Брунетти не знал, нужно ли ему благодарить сержанта или Руберти с Беллини. Он заставил себя проглотить выражения признательности и спросил:
- Есть новости от тревизской полиции?
- Яковантуоно появился и заявил, что не уверен в своих показаниях, сделанных на прошлой неделе. Ему кажется, он ошибся. Потому что был очень напуган. Он уже несколько дней назад точно вспомнил, что у грабителя были рыжие волосы, да все недосуг было обращаться в полицию.
- До тех пор, пока не умерла его жена? - поинтересовался Брунетти.
Вьянелло ответил не сразу. Через некоторое время он пробормотал:
- А как бы вы поступили, комиссар?
- То есть?
- Если б оказались на его месте.
- Я, вероятно, тоже вспомнил бы про рыжие волосы.
Вьянелло сунул руки в карманы форменной куртки и кивнул:
- Думаю, все бы так поступили, особенно те, у кого есть семья.
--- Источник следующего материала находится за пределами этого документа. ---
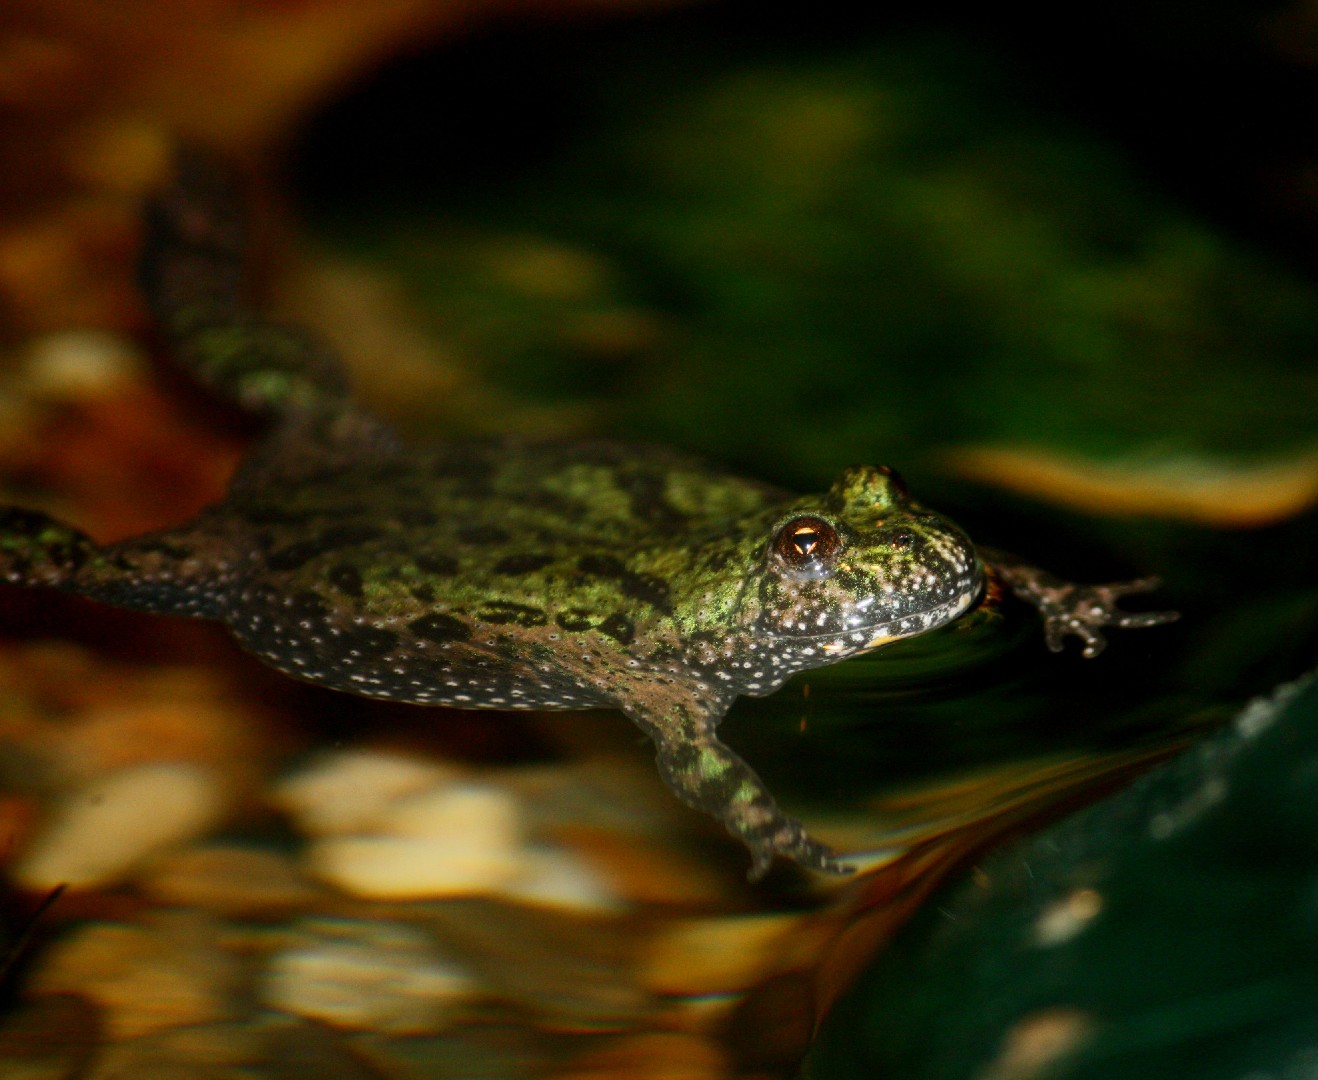 Fire-bellied toads (Bombina)

Зазвонил внутренний телефон Брунетти.
- Да, - поднял трубку комиссар, какое-то время слушал, потом разъединился и встал. - Это вице-квесторе. Хочет меня видеть.
Вьянелло приподнял рукав и посмотрел на часы:
- Четверть десятого. Полагаю, это и есть ответ на вопрос, чем занимался лейтенант Скарпа.
Брунетти аккуратно положил газету посреди стола и вышел. У двери кабинета Патты сидела за своим компьютером синьорина Элеттра, но экран не светился. Когда показался Брунетти, она подняла на него глаза, закусила нижнюю губу и подняла брови, не то выражая удивление, не то подбадривая комиссара, - как один школьник подбадривает другого, вызванного к директору.
Брунетти на мгновение закрыл глаза и плотно сжал губы. Он ничего не сказал секретарше, постучал в дверь и, услышав выкрик: "Avanti!", вошел.